Very deep neural networks can actually be worse than their simipler counterparts on the training data. ResNet helps to avoid this problem.

### Setting up the Residuals Model

Let's start with a simple, standard model of two layers: we begin with an input layer $a^{[l]}$ which we pass forwar to a linear function, $z^{[l+1]} = Wa^{[l]} + b$ and then a non-linear function $a^{[l+1]} = g(z^{[l+1]})$ (relu). This is then the input to another linear/non-linear pair of transformation. We refer to the result of these as $a^{l+2}$.

To use residuals, we sum the activation layer $a^l$ into the activation prior to $a^{l+2}$. That is, $$a^{l+2} = g(z^{l+2} + a^{l})$$.

And that a residual block: a "skip connection" that adds the activation $a^{[l]}$ to $z^{[l+2]}$ when calculating $a^{[l+2]}$ for each layer $a^{[l+2]}$.

### Why does this work?

The short answer is that if additional layers don't improve the network, a ResNet easily reduces to the identity funciton so additional layers can't make the network worse than a prior function. If I follow correctly, this implies that the early network layers are likely to improve "first" while the later ones can "catch up" once the first layers have a strong 

## 1x1, or Network in Network Convolutions

Wait, a 1x1 convolution? Sure--the number of filters is a non-trivial matter. 

Suppose you have a 6x6x30 volume and you convovle with a 1x1xn filter: the result is a 6x6xn volume, which is not a trivial transform. Even if the number of filters equals the number of channels on the input layer, it adds non-linearity.

### Bottleneck Layers

A 1x1 CONV filter can also be used to reduce computations.

For example, if you had a large volume, say 28x28x192 and applied a 5x5, f=32 convolution, you would need about 120M computations: 28x28x32 x 5x5x192.

Instead, we can reudce the volume with a 1x1 convolution and then apply a 5x5, f=32 convolution on it. For example, CONV1 1x1x16, CONV2 5x5x32...

CONV1 requires  28x28x16x192 = 2.4M computations.

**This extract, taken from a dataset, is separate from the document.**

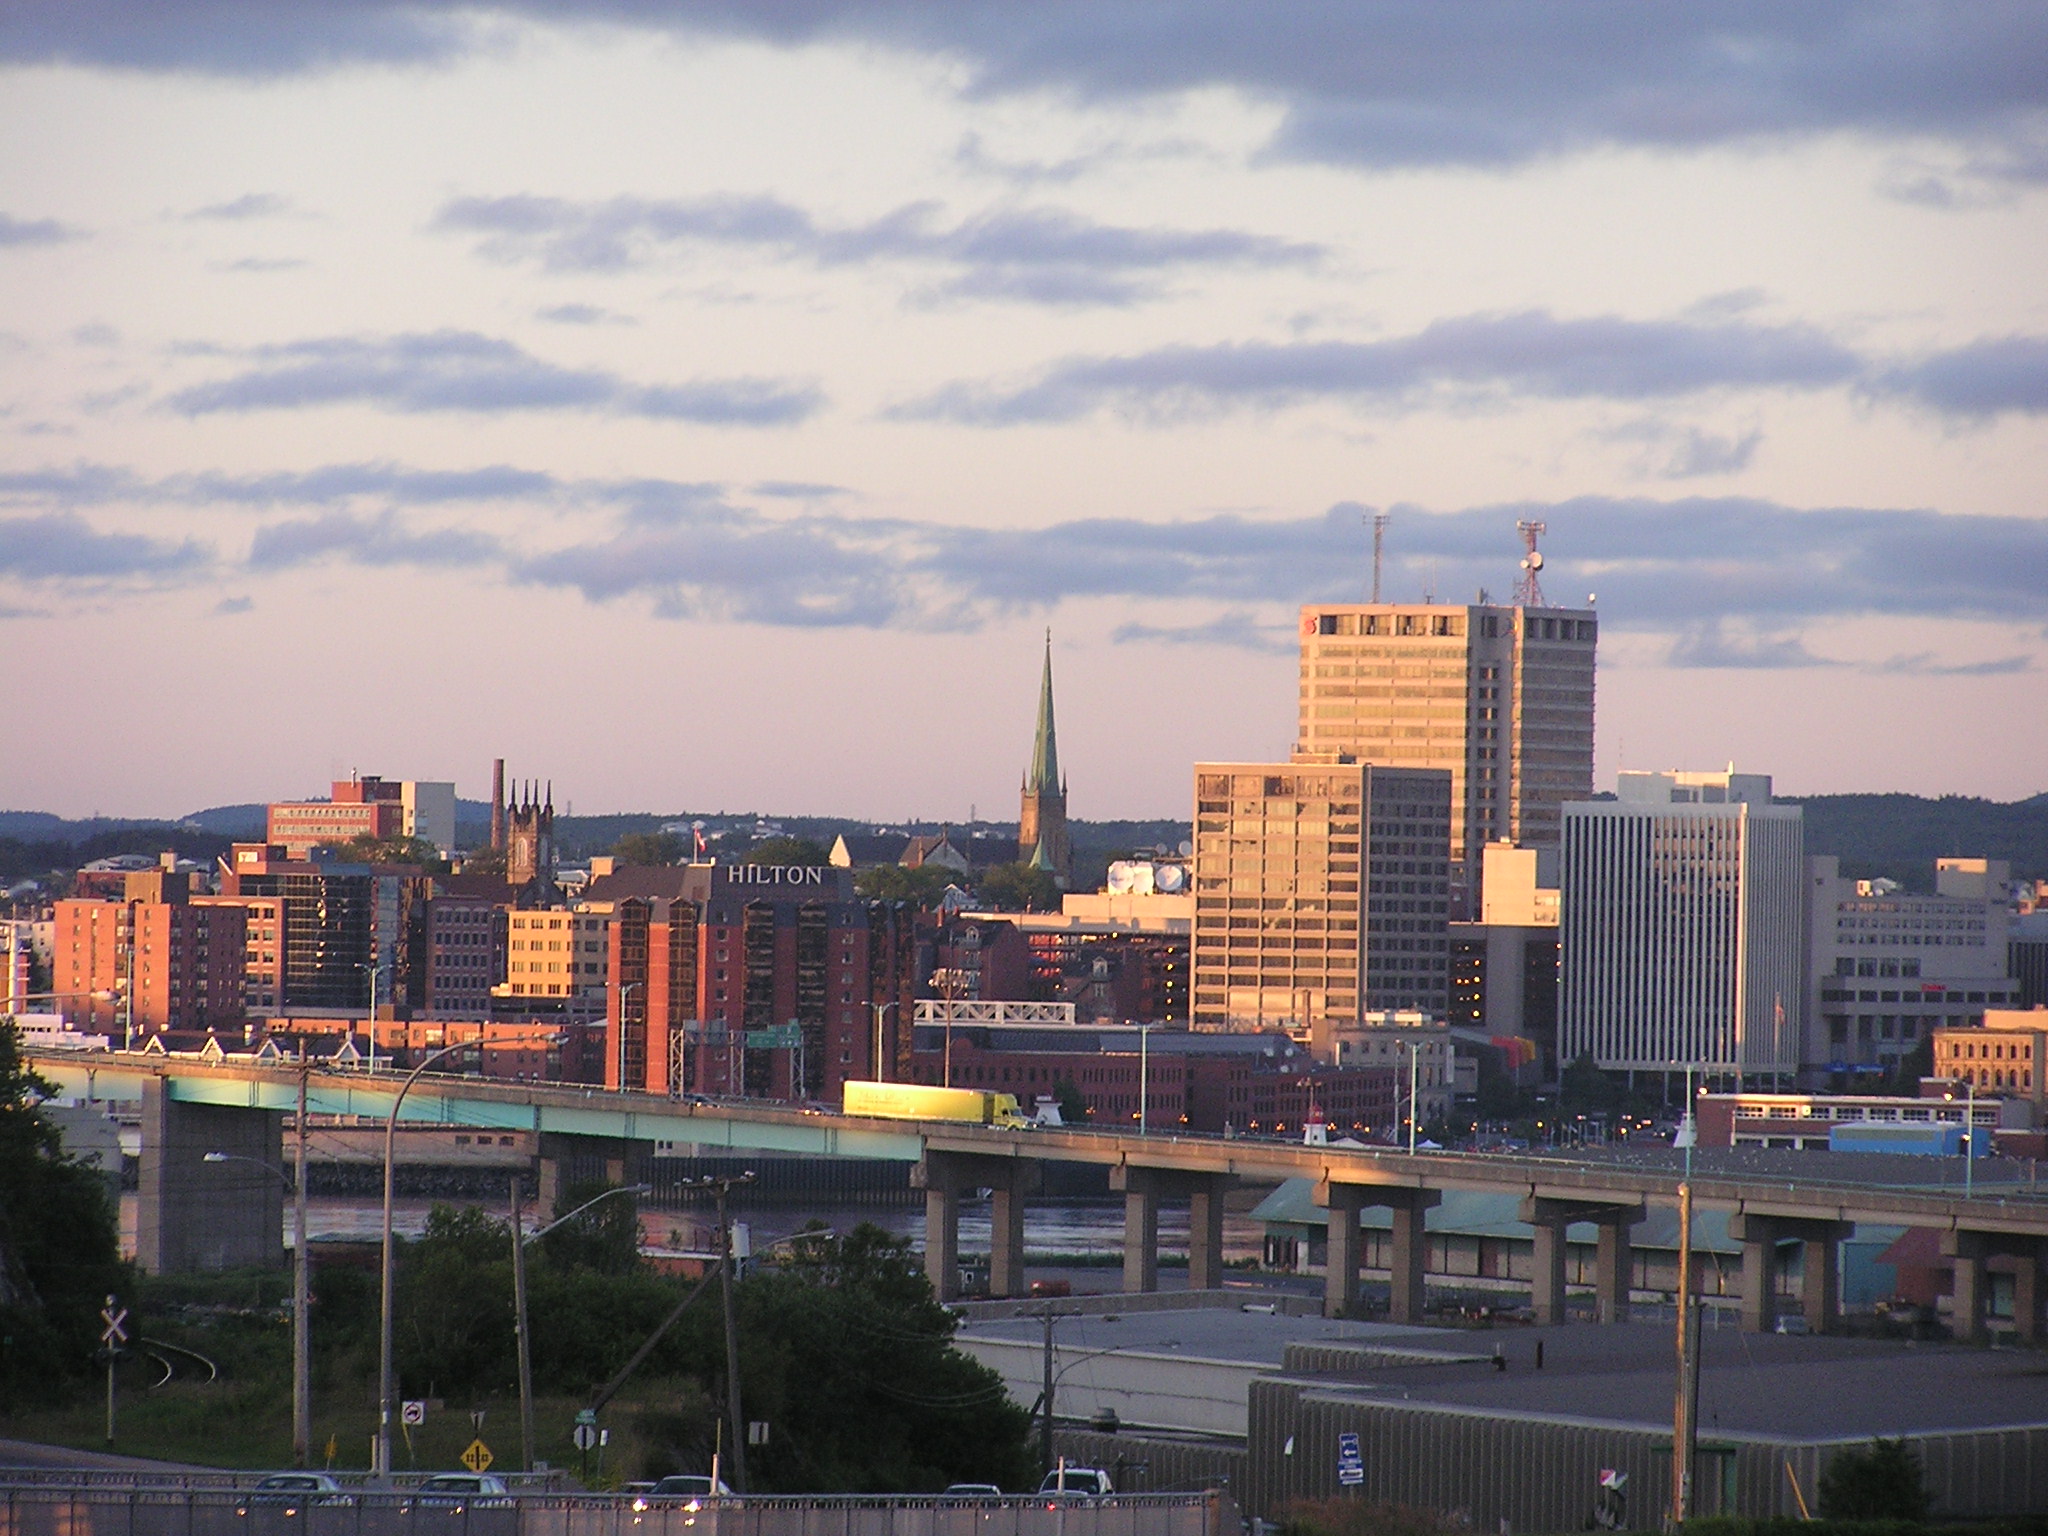 Saint John, New Brunswick, founded by Samuel de Champlain on Saint-Jean-Baptiste Day in 1631.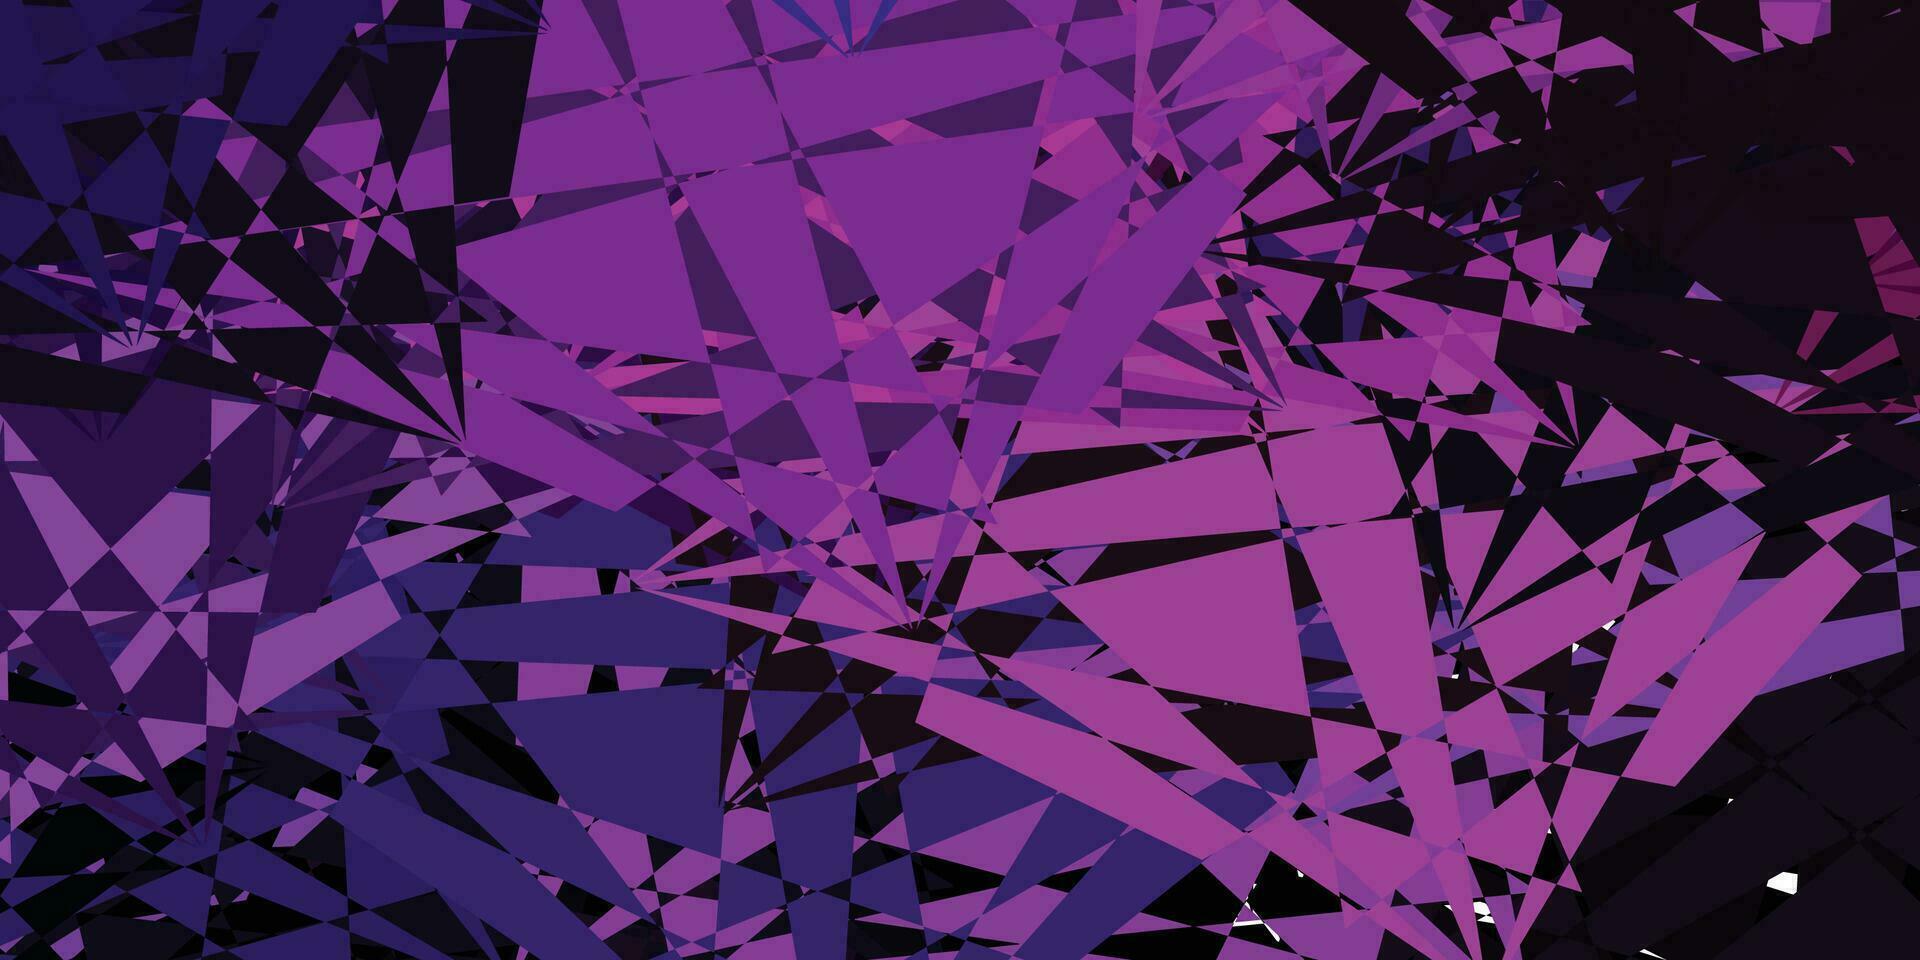 Fondo de vector púrpura oscuro con formas aleatorias.

CONV2 requires 28x28x32 x 5x5x16 = 10M computations

This doesn't reduce network strength very much if our bottle neck (the 1x1 layer) is "within reason."


## Inception Module

An inception module passes an input activation to multiple filters and concatenates their output for prediction. 

Here's the idea:

- input = 32x32x192.
- bottleneck1 = CONV1x1, f=16
- CONVx5 = bottleneck1 * 5x5, f=3232
- bottleneck2 = CONV1x1, f=16
- CONVx3 = bottleneck2 * 3x3, f=64
- CONvx1 = CONV1x1, f=32
- POOL = MaxPool 3x3,s=1,padding='same'
- CONCAT = concatenate(CONVx5,CONVx3,CONx1,POOL)


## Transfer Learning

There are many networks on the internet. These can be used to train your own network. For example, if you want to build a Pepper-Eleanor-Ody recognizer for images, you will probably achieve good results using a pretrained network. In steps:

1. Download a pretrained, open-source network (e.g., from GitHub)
1. Freeze the layers except the softmax layer, which you re-write as a 4 value softmax output.
1. Train using your own data.

If you have large amounts of data, you can consider freeze fewer of the layers, starting with downstream ones. For example, you could freeze all but the final FC layers.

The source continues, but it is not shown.